BEGIN Record set

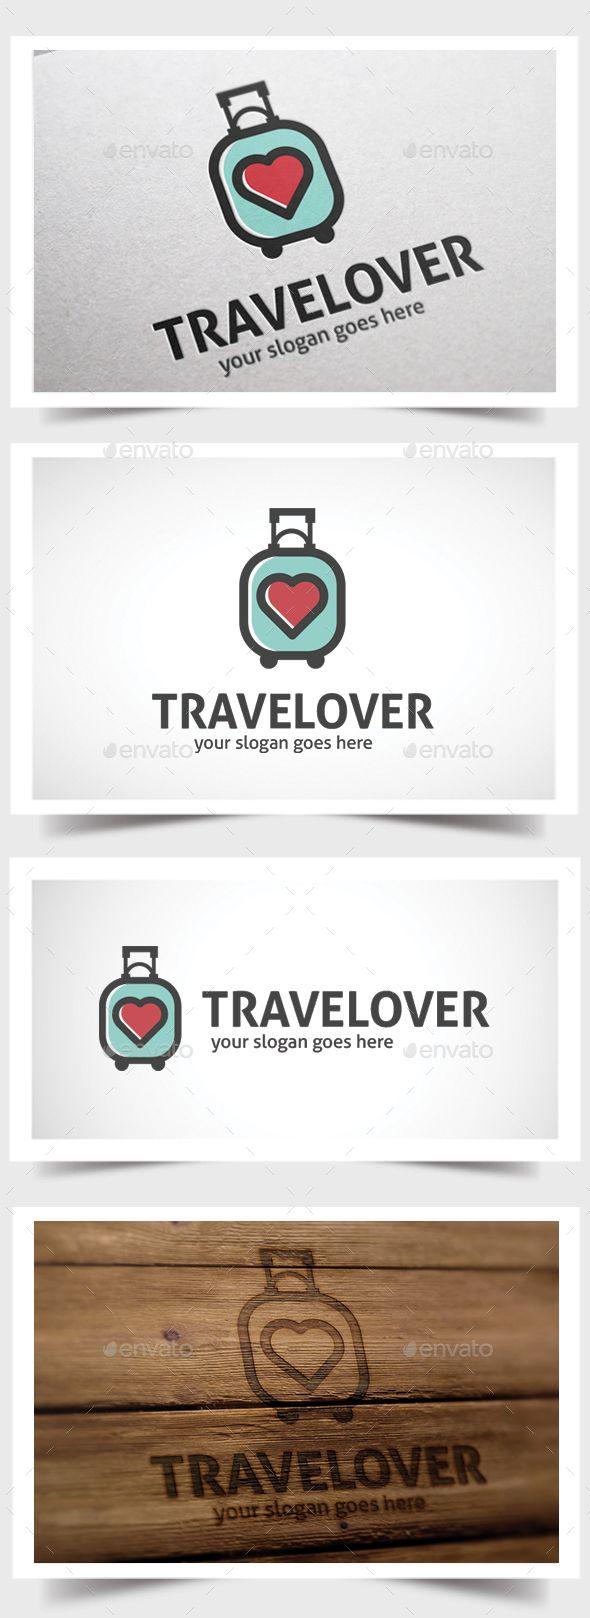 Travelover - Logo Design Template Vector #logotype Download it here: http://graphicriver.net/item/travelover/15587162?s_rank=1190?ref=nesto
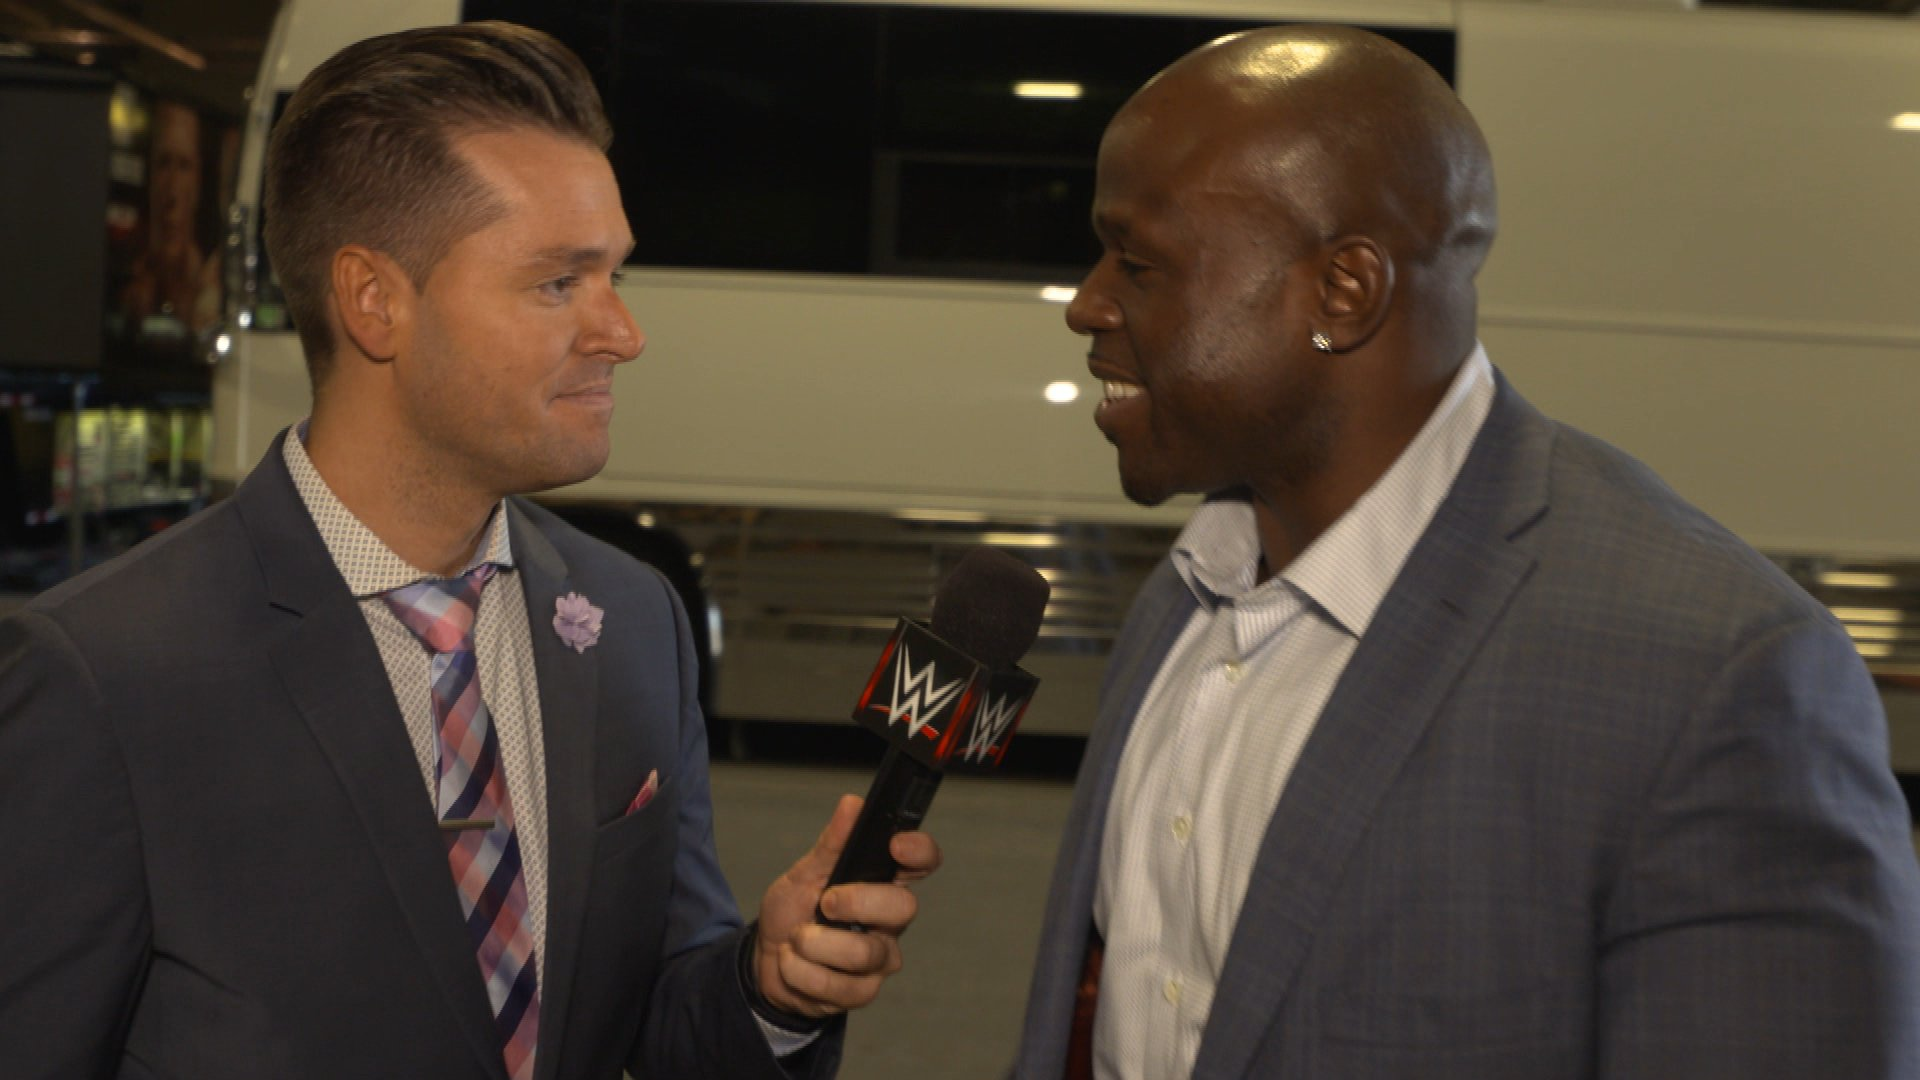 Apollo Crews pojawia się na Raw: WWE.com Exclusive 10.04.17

END Record set
BEGIN Record set

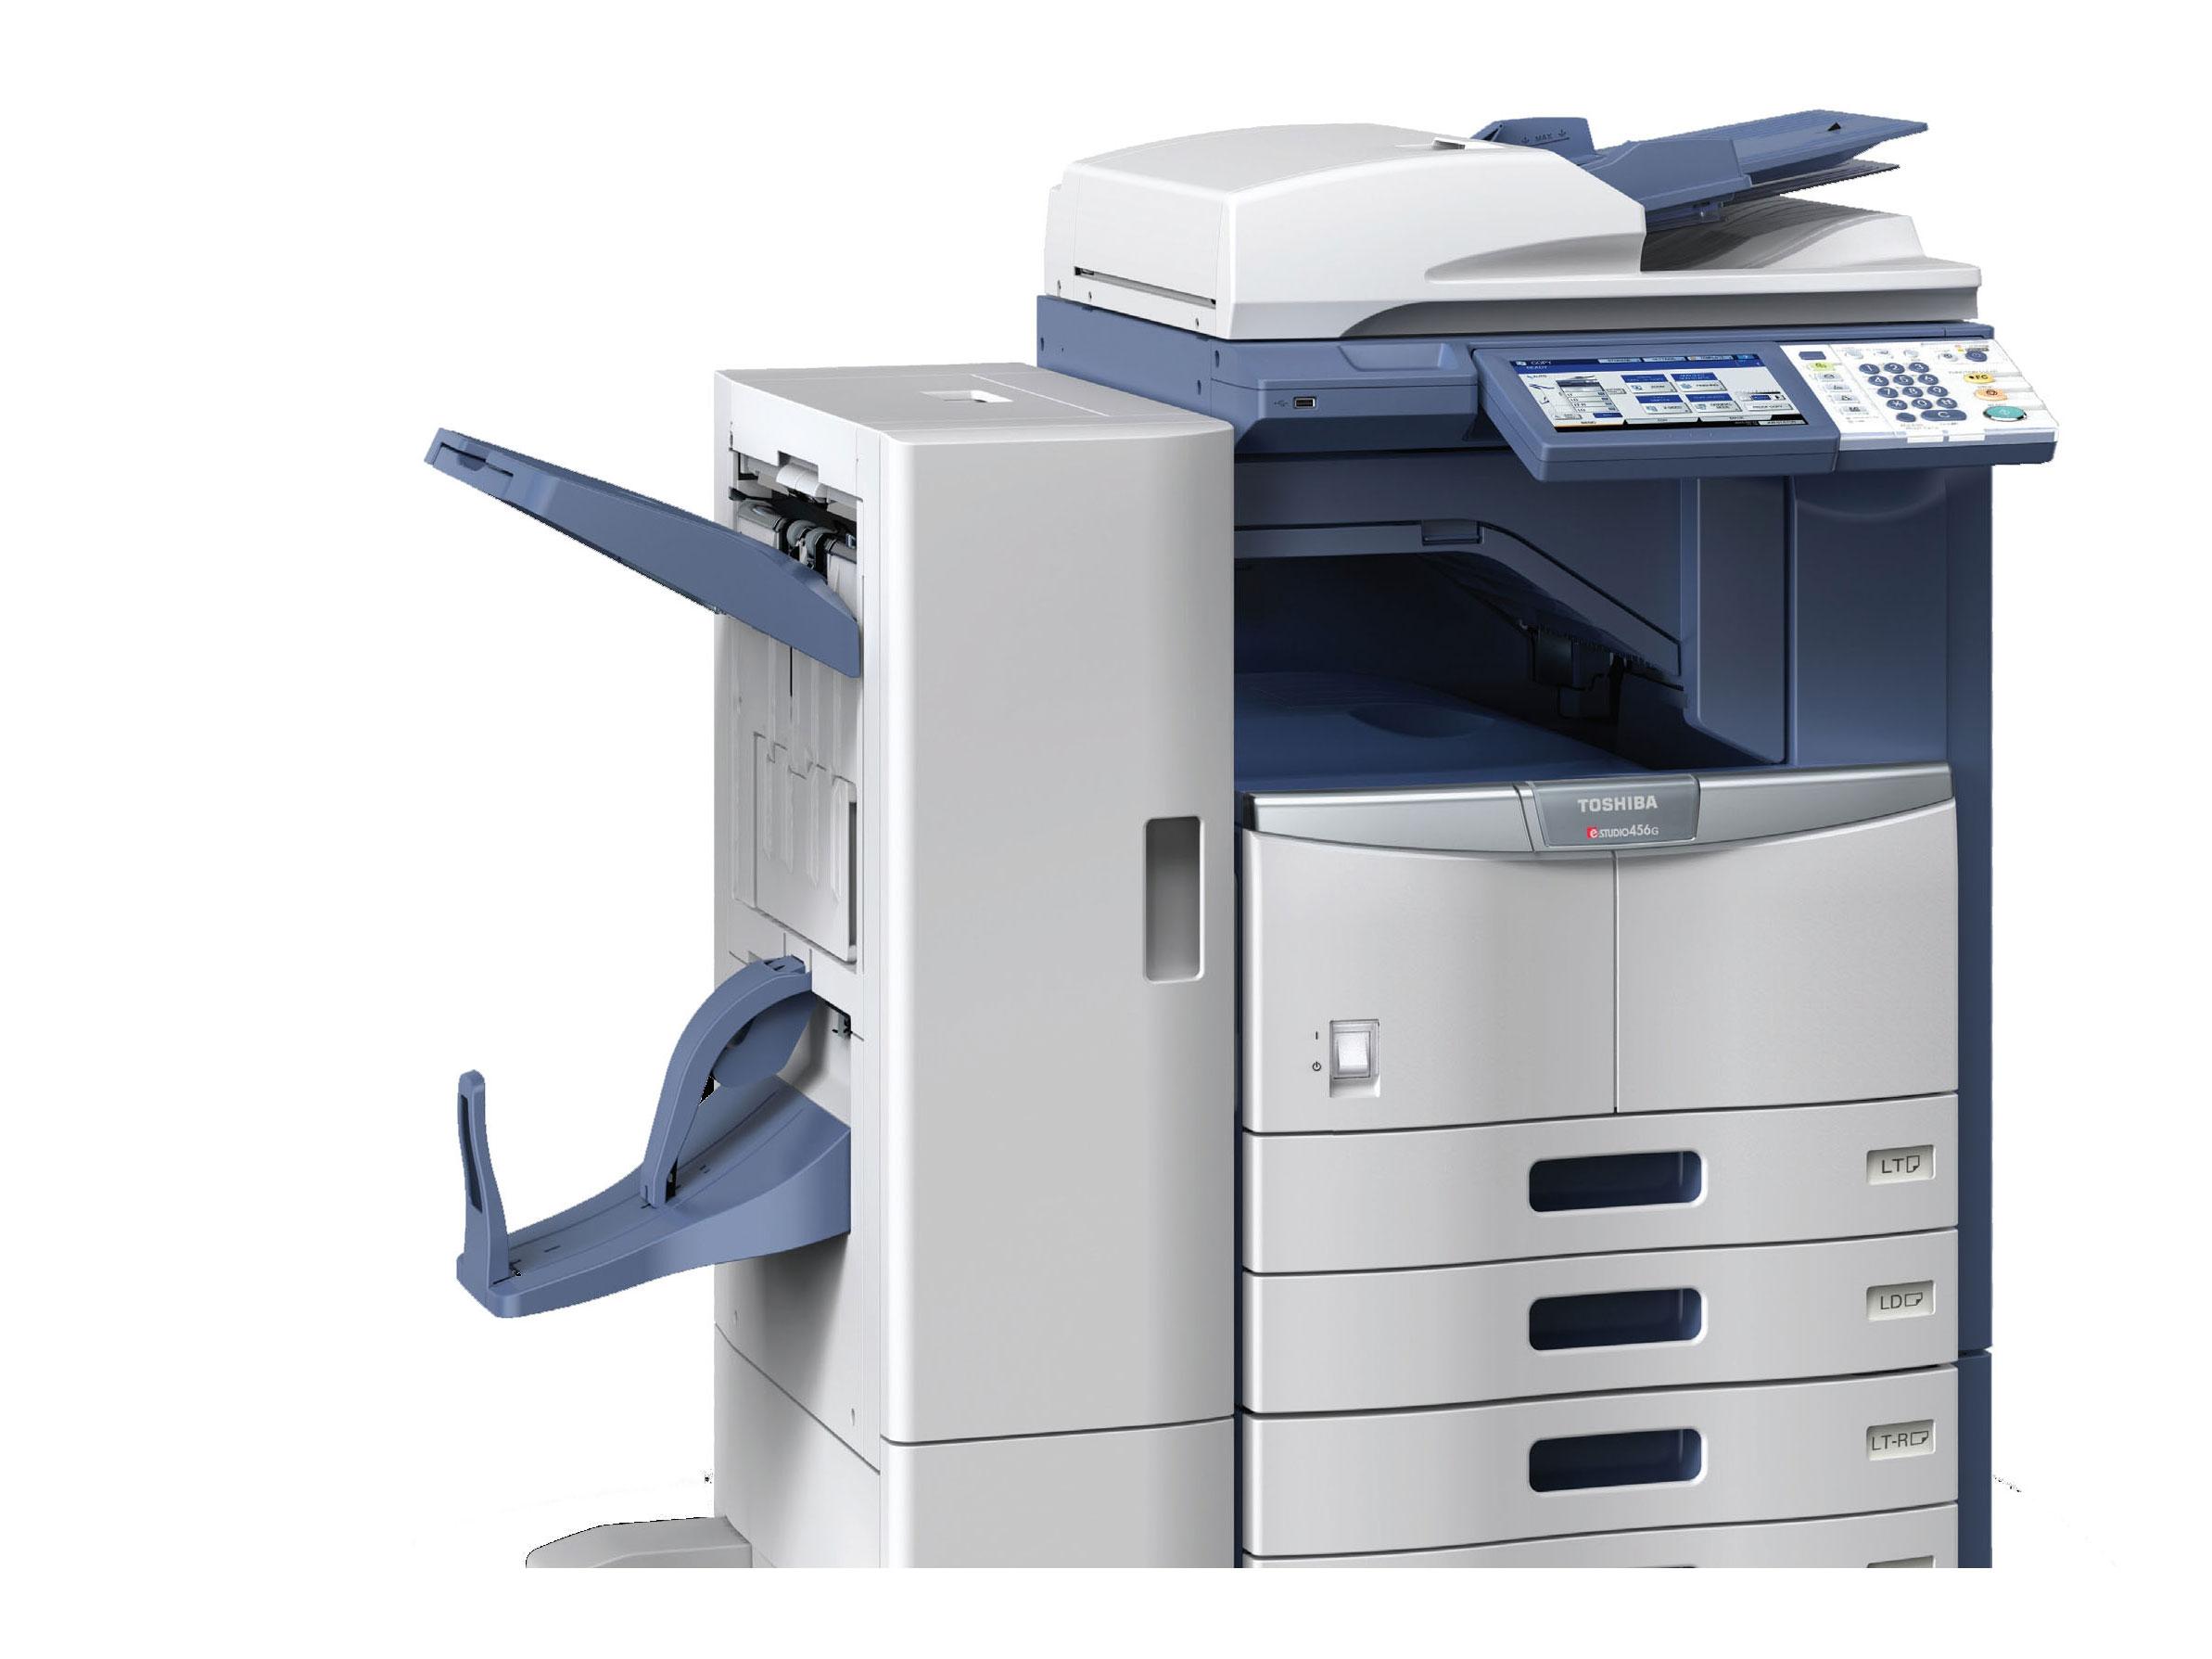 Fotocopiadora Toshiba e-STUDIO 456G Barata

END Record set

A verbatim reproduction is expected: starting at the line above that has "Travelover - Logo", ending at the line that has "Apollo Crews pojawia", both included, and with no pictures and no other lines.

__Solution to this task__:
 Travelover - Logo Design Template Vector #logotype Download it here: http://graphicriver.net/item/travelover/15587162?s_rank=1190?ref=nesto
 Apollo Crews pojawia się na Raw: WWE.com Exclusive 10.04.17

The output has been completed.